■ Exercise prompt ■
Leave every picture out, then reproduce the rest of the listing exactly.

■ Data block ■
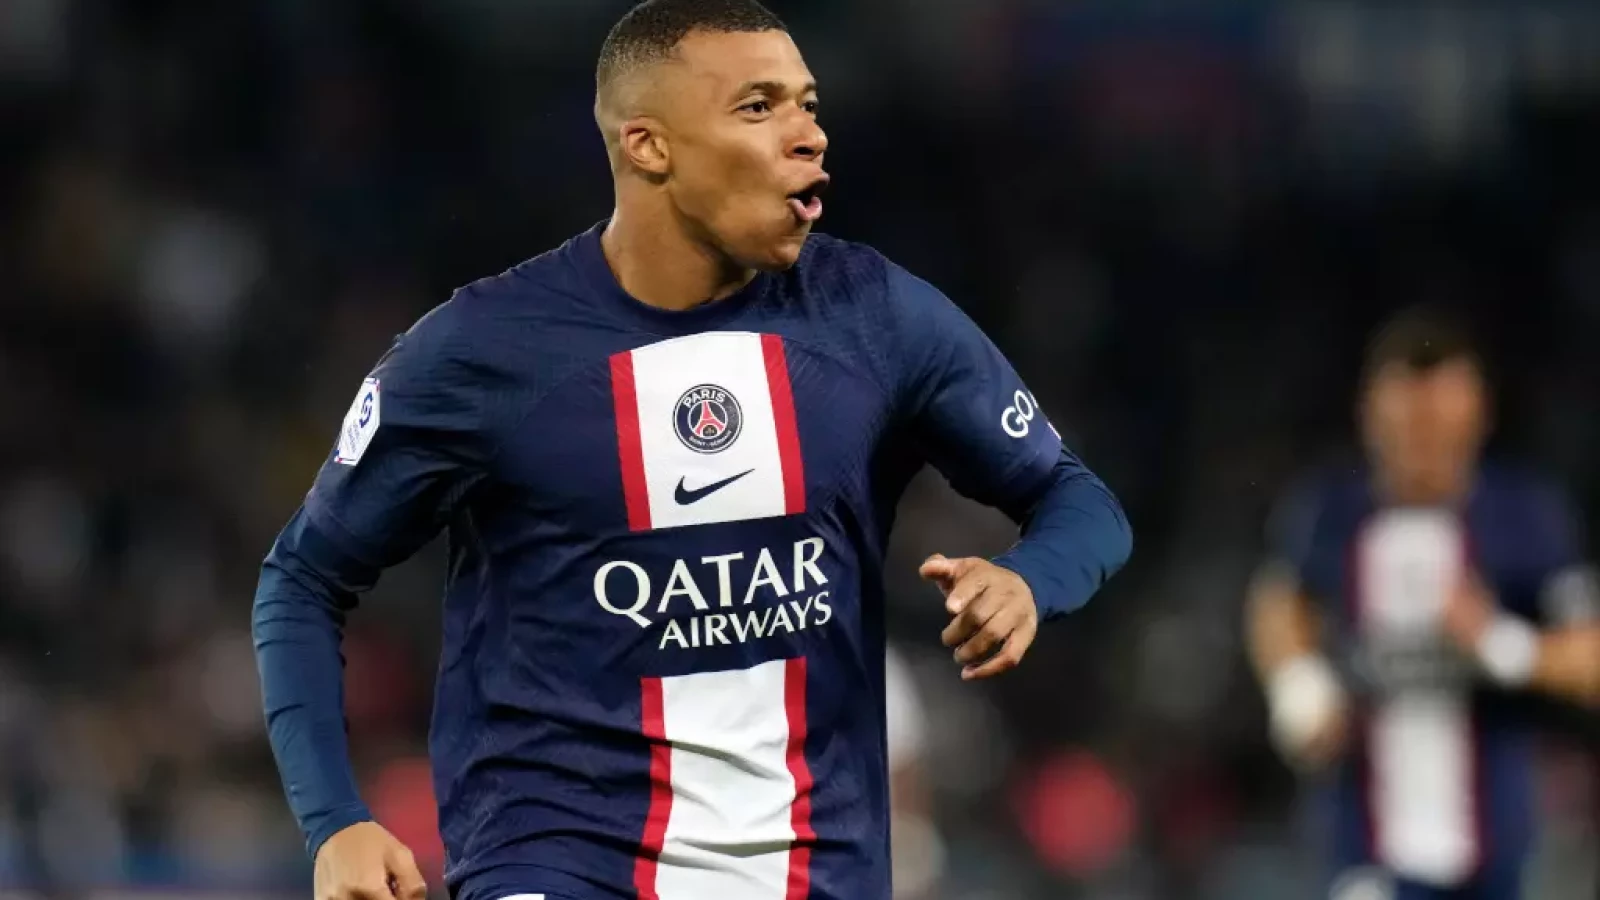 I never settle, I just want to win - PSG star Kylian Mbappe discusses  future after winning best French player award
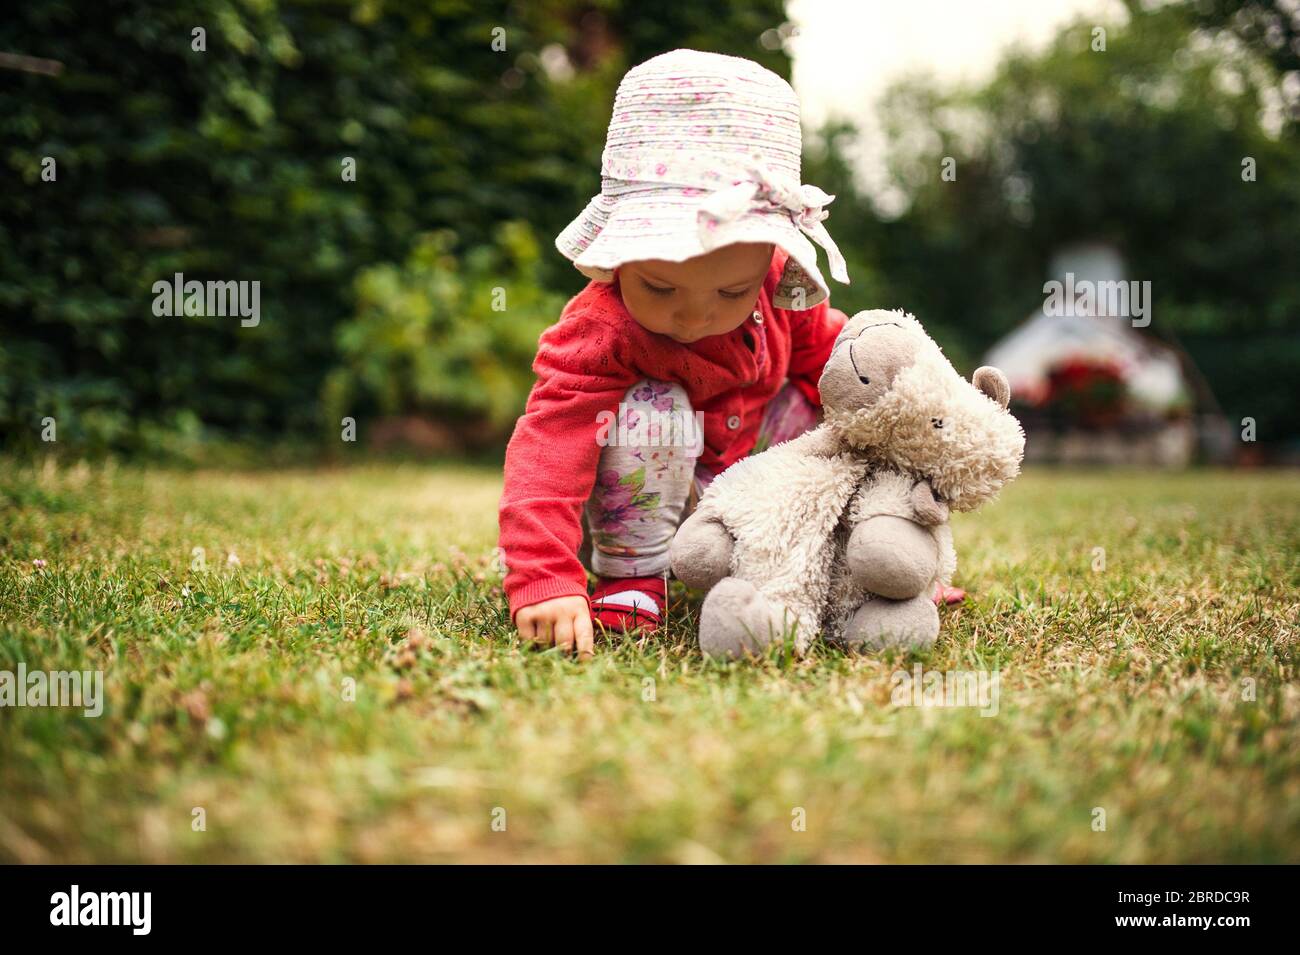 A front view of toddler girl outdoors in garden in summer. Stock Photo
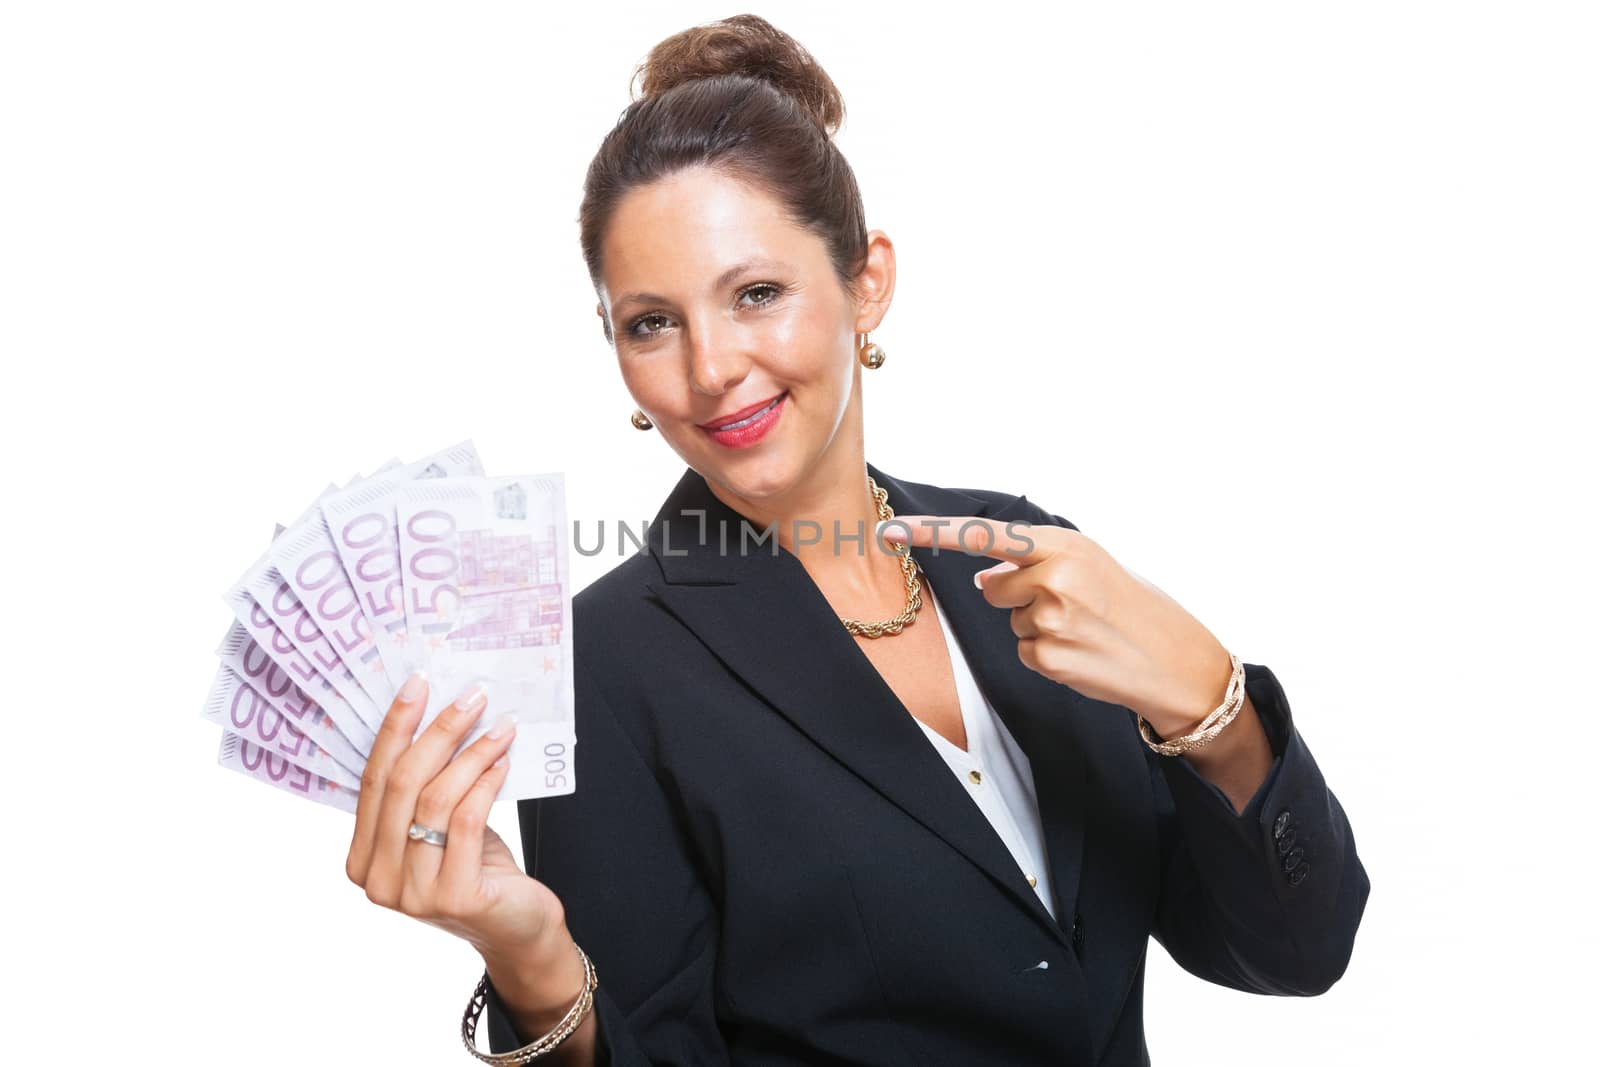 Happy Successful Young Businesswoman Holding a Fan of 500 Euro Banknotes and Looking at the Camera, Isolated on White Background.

■ Answer for this exercise ■
 I never settle, I just want to win - PSG star Kylian Mbappe discusses  future after winning best French player award
 A front view of toddler girl outdoors in garden in summer. Stock Photo
 Happy Successful Young Businesswoman Holding a Fan of 500 Euro Banknotes and Looking at the Camera, Isolated on White Background.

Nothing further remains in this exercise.